Judge Releases Sacklers from Future Opioid Lawsuits, Approves Purdue Settlement

Judge with Gavel

The U.S. Bankruptcy Court's decision to approve Purdue Pharmaceutical's reorganization plan met huge backlash from opposing parties who are seeking greater accountability from the Sackler family, the company's owner.

The firm had been at the center of a massive lawsuit calling out its direct participation in the United States' opioid crisis, specifically for its OxyContin medication. According to a statement on its website, Purdue Pharma's bankruptcy plan is a product of a series of intense closed-door negotiations over the last two years. 

The Sacklers did not admit to any wrongdoing and have never been charged directly for the issue. Still, Purdue Pharma has pleaded guilty twice in its erroneous marketing efforts for OxyContin — first in 2007 and the second in 2020.
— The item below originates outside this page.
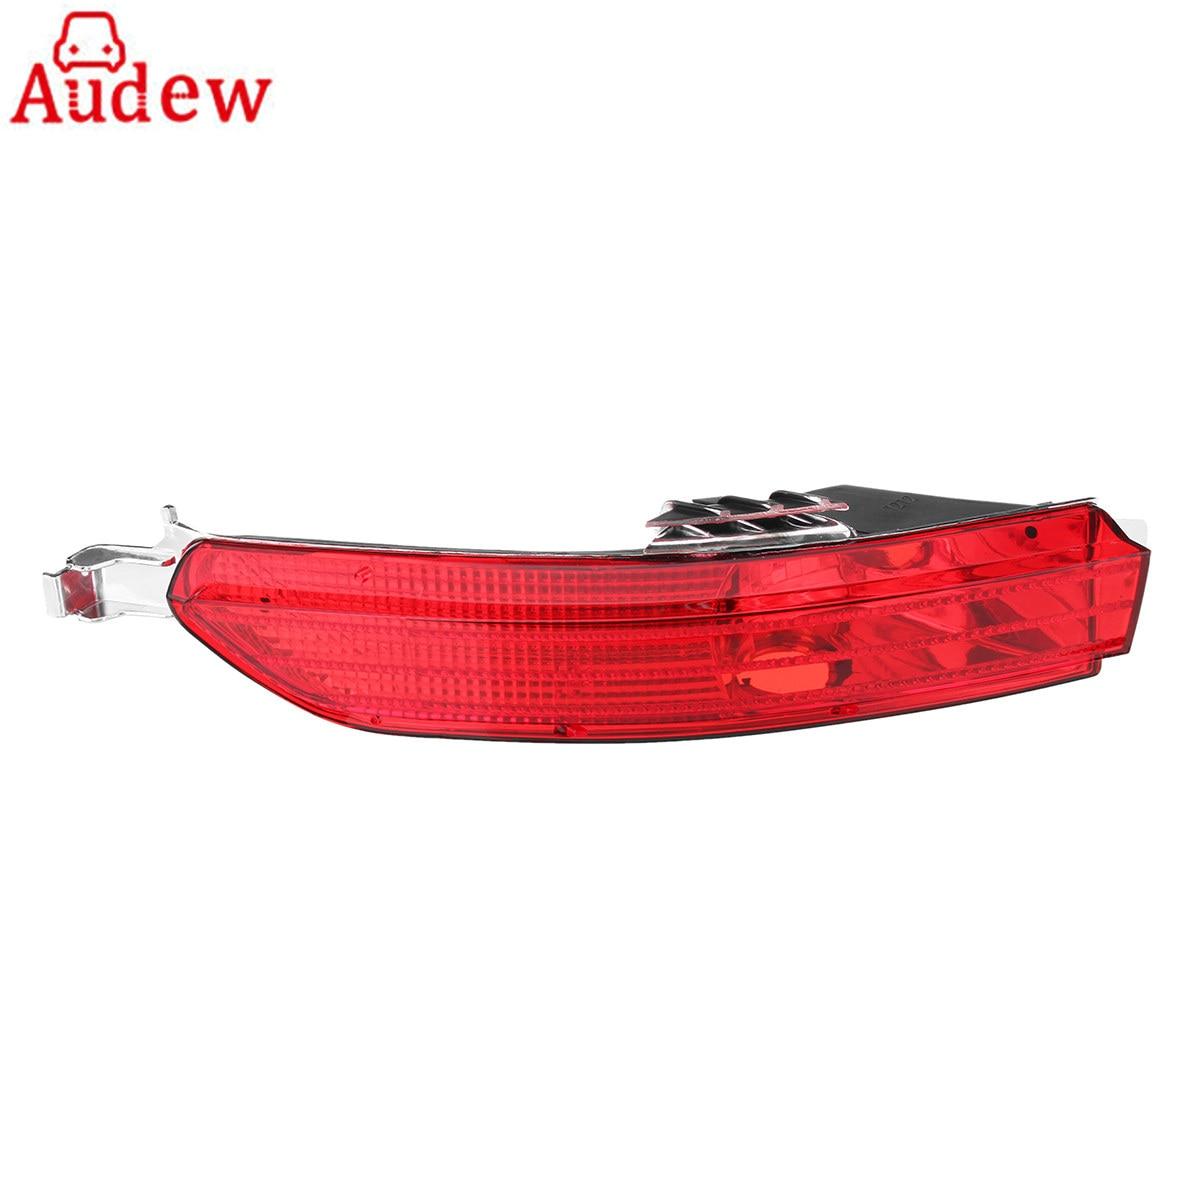 1Pcs Red Car Tail Light Turn Signal Lamp Left Rear Bumper Red Fog Light For VW TOUAREG 11 14

In his ruling, which took some six hours to be read from the bench, Bankruptcy Judge Robert Drain approved Purdue's plan to dissolve the company and shift its assets to a new entity that does not involve the Sackler family in any way. 

The new firm will be primarily owned by the National Opioid Abatement Trust (NOAT), which operates to battle the nationwide opioid epidemic. The Native American Tribes trust will be a minority shareholder. 

Judge Drain's approval also releases all members of the Sackler family for any future liability for any harm the OxyContin and other opioids caused, along with their other associates and remaining trusts and companies. 

In exchange, the Sacklers agreed to pay around $4.325 billion in settlements to various locations and forfeit ownership of the drug firm. It has also already spent $225 million to the United States Department of Justice to settle separate civil allegations, where the family has also denied wrongdoing. 

The plan did not sit well at all with opioid activists, some public and private entities, and legal scholars who told industry reporters that it was a "miscarriage of justice." 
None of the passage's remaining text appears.